By the end of February, levels of vaccine uptake by healthcare workers were so low that Sindh’s health minister ordered all government healthcare workers to take the vaccine or face disciplinary action, with similar orders given by directors at main government hospitals.
According to the country’s health ministry, meanwhile, there has not been a single case of serious side-effects from the vaccine reported in Pakistan since vaccinations began.
The concerns around safety alone, however, may not be enough to fully explain the hesitancy, says Maha Rehman, a data analytics specialist and member of faculty at the Lahore-based LUMS University.
“Efficacy data alone is not enough to [understand the] scepticism around the vaccine rollout,” she says. “The overall level of trust in the health service provider is critical.”
Pakistan consistently ranks low on global healthcare indicators such as access to healthcare and child mortality.
It is one of two countries in the world where polio remains endemic and faces a number of other health challenges.

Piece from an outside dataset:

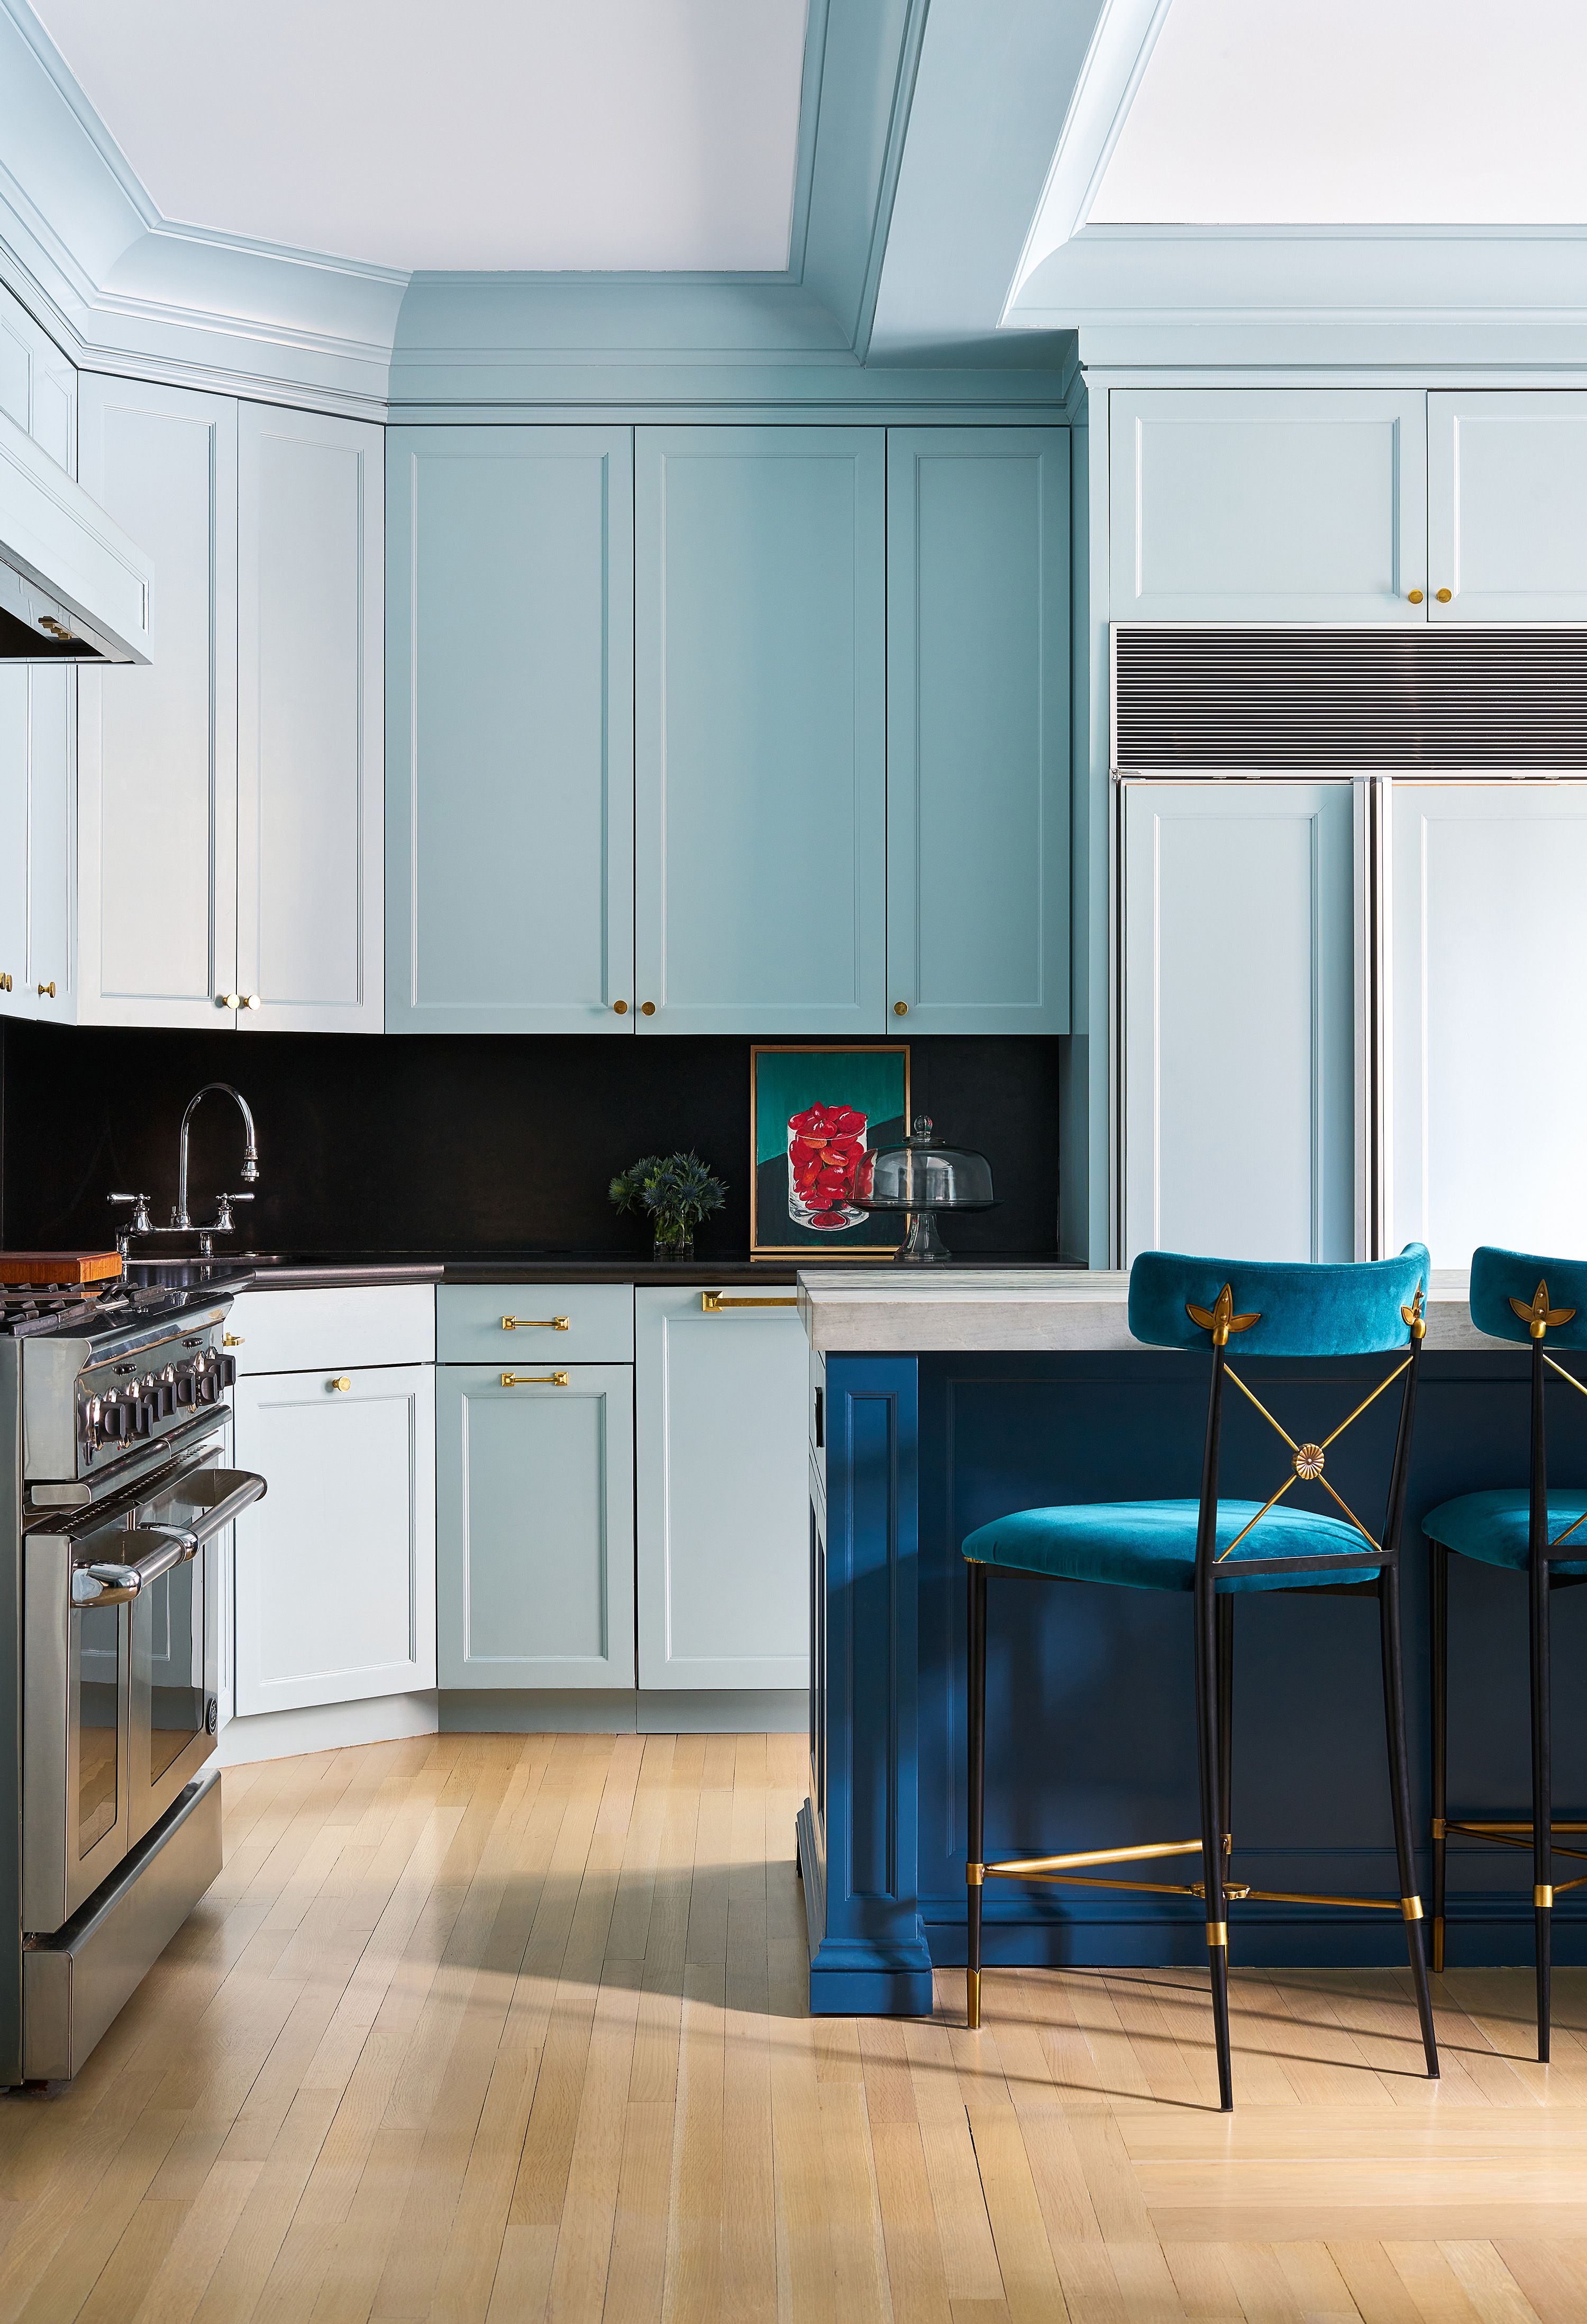 Which Backsplash Tile is Best for your Kitchen or Bathroom?

“People don’t really trust the government,” says Rehman.
“They don’t trust what vaccine they will get, will it be a trial, will it be a placebo? […] There needs to be an active policy shift that everything is being done very, very transparently.”
Health Minister Sultan says that concern may not be relevant, pointing out that vaccines have been developed by international companies and are being administered worldwide.
“At the end of the day, people do know that the vaccines have not been made in a backroom by anyone, they have been made by leading entities in advanced countries who used their technological muscle [and] invest[ed] billions of dollars,” he says.